Great to hear from you! We did an update report on Non-Pesticide Management (NPM) a few years ago. It’s at http://www.ecotippingpoints.org/our-stories/indepth/india-pest-managemen... on the same webpage that you listed in your message to me. Our most recent update, just a few months ago, is Ted Swagerty’s report at http://www.ecotippingpoints.org/our-stories/indepth/india-pest-managemen.... Ted talked to leaders of the key nonprofit organizations promoting NPM and visited some villages to talk to people there.
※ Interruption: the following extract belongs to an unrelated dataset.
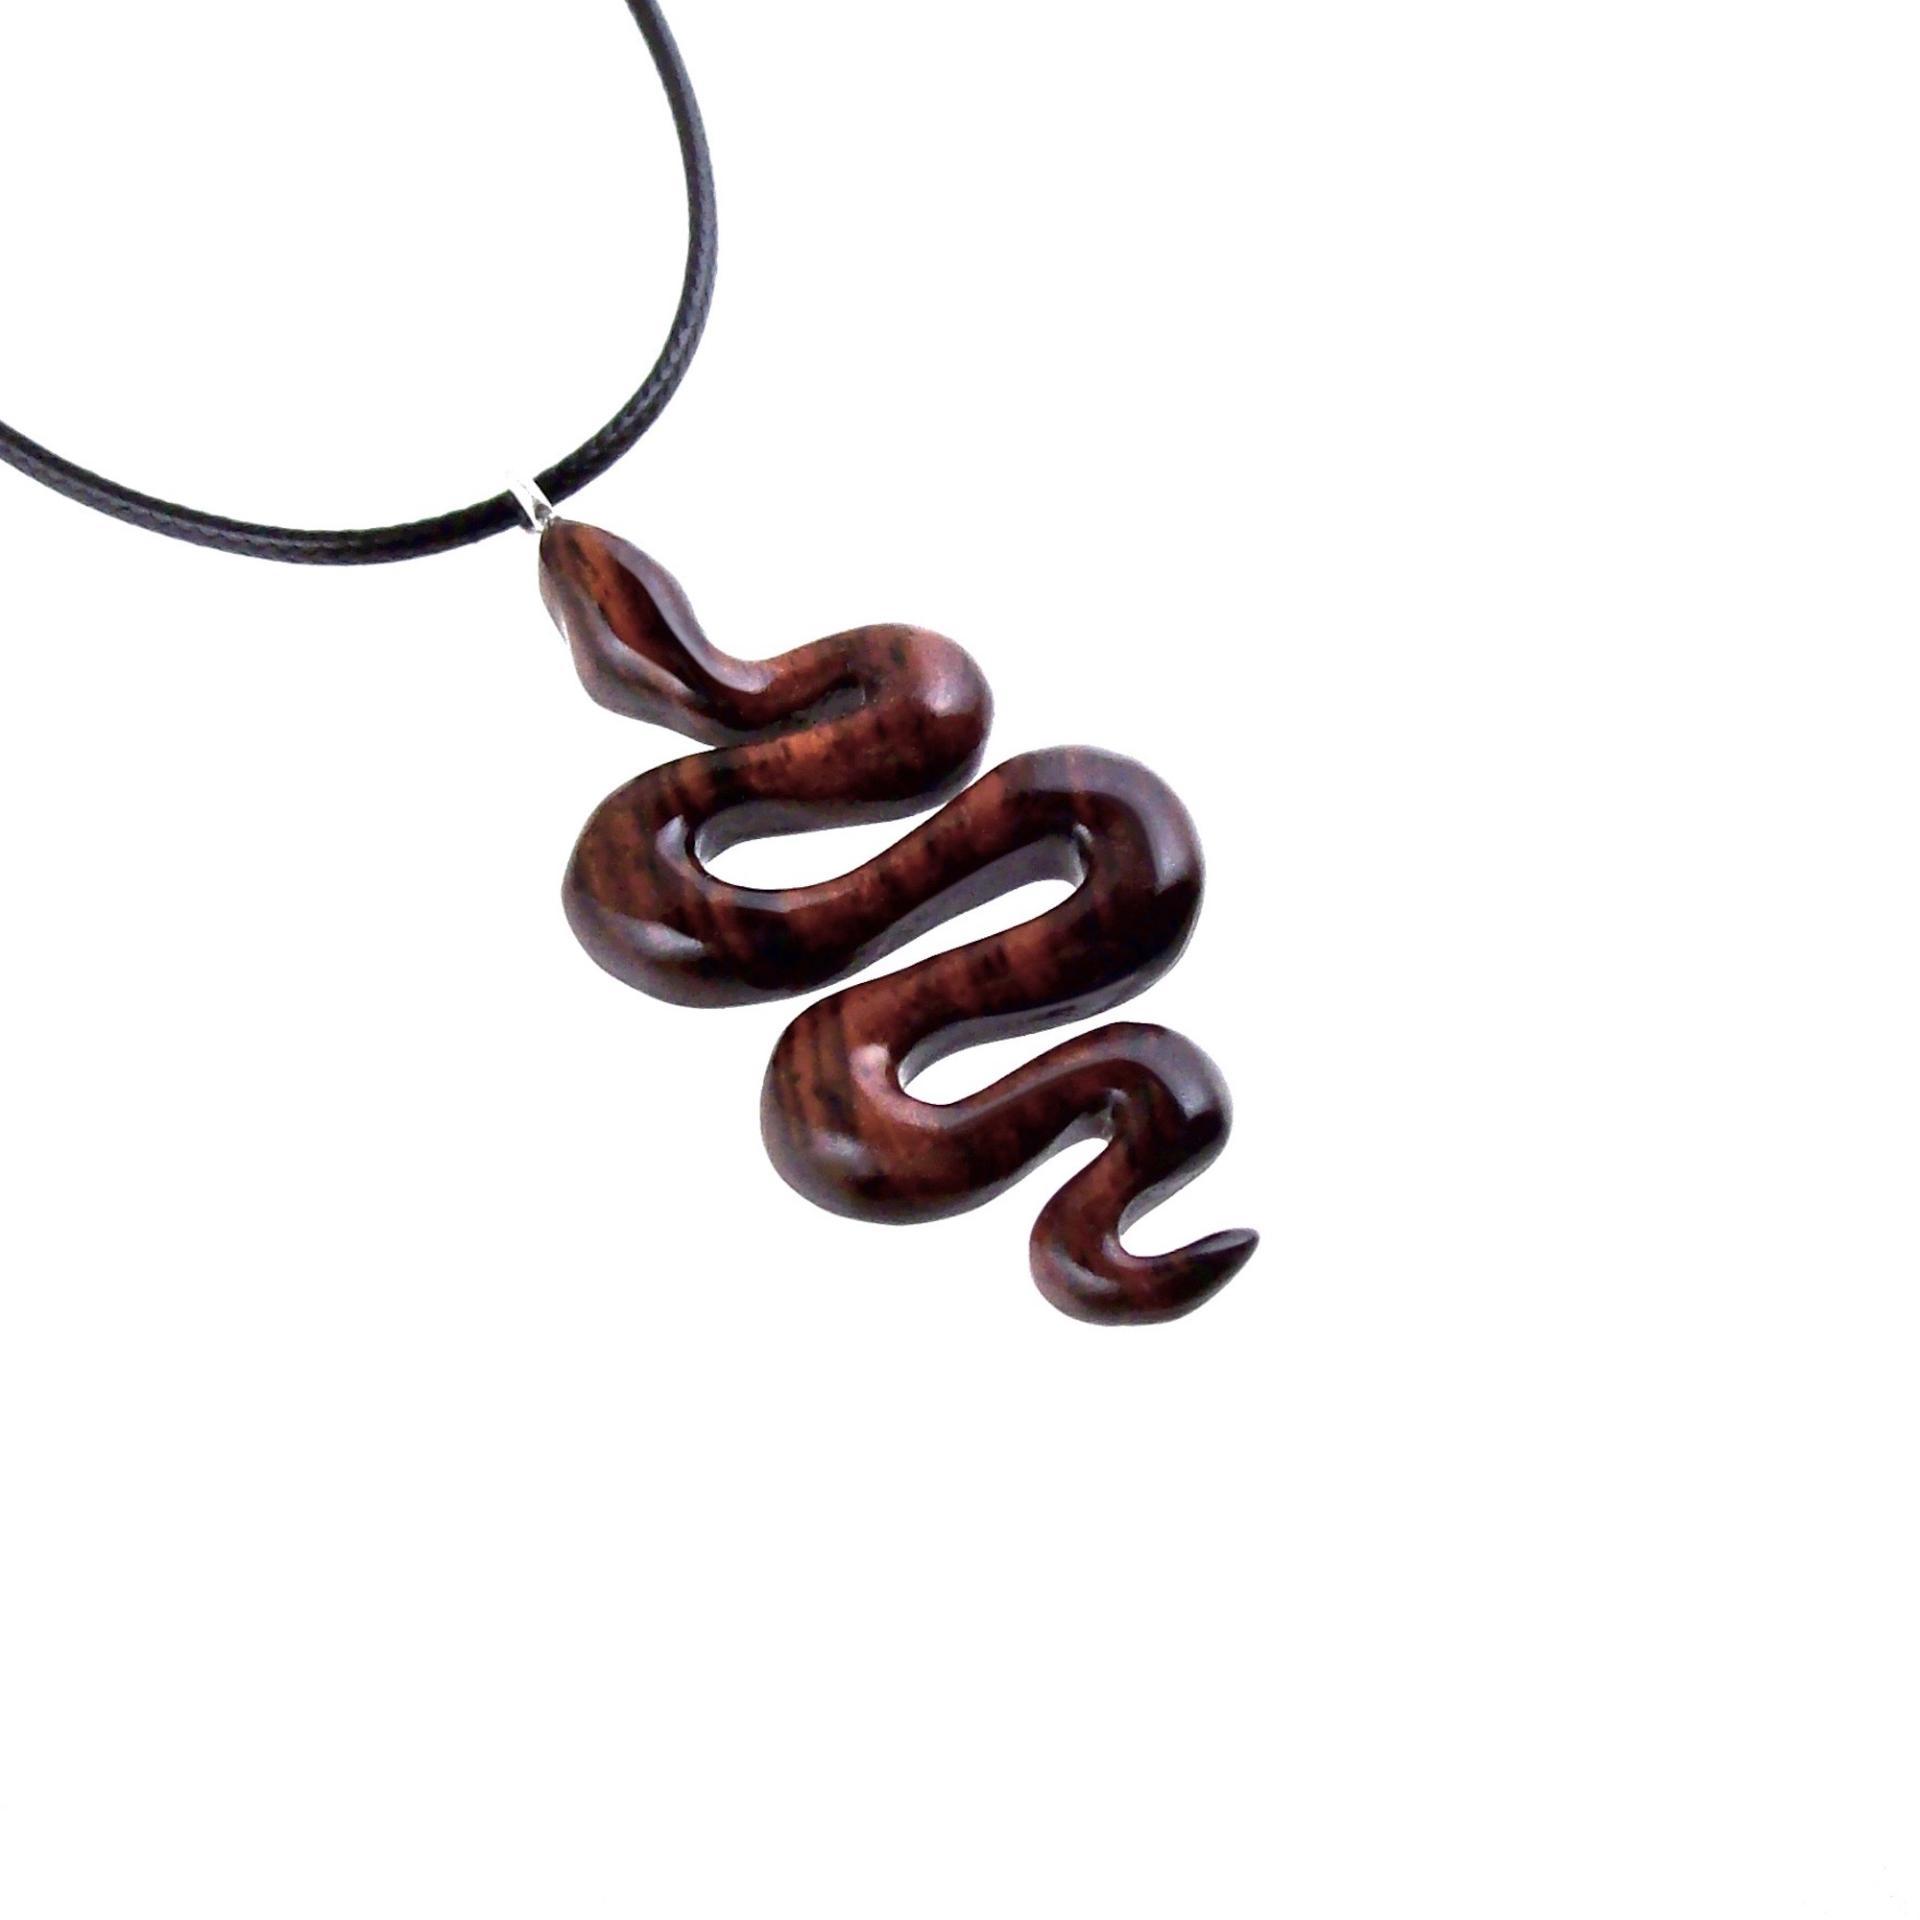 Snake Necklace for Men or Women, Hand Carved Wooden Snake Pendant, Wood Serpent Necklace, Totem Reptile Jewelry

While our video at http://www.ecotippingpoints.org/video/india/index.html says that NPM was in more than 3,000 villages by 2008, NPM is now in 11,600 villages, according to the director of the Society for Elimination of Rural Poverty, the lead organization for NPM dissemination. The head of another organization says it’s more than 14,000 villages. Anyway, Ted’s report offers details about how they organize NPM dissemination.

You may be particularly interested in the interaction of NPM with Bt cotton, which swept the region at the same time NPM was spreading. In general, NPM farmers felt no ideological purity to avoid GMOs, so they also adopted Bt cotton. Many farmers would now like to get away from Bt cotton because of seed supply problems the past few years, but my NPM colleagues in India tell me there is virtually no non-Bt cotton seed to be found these days.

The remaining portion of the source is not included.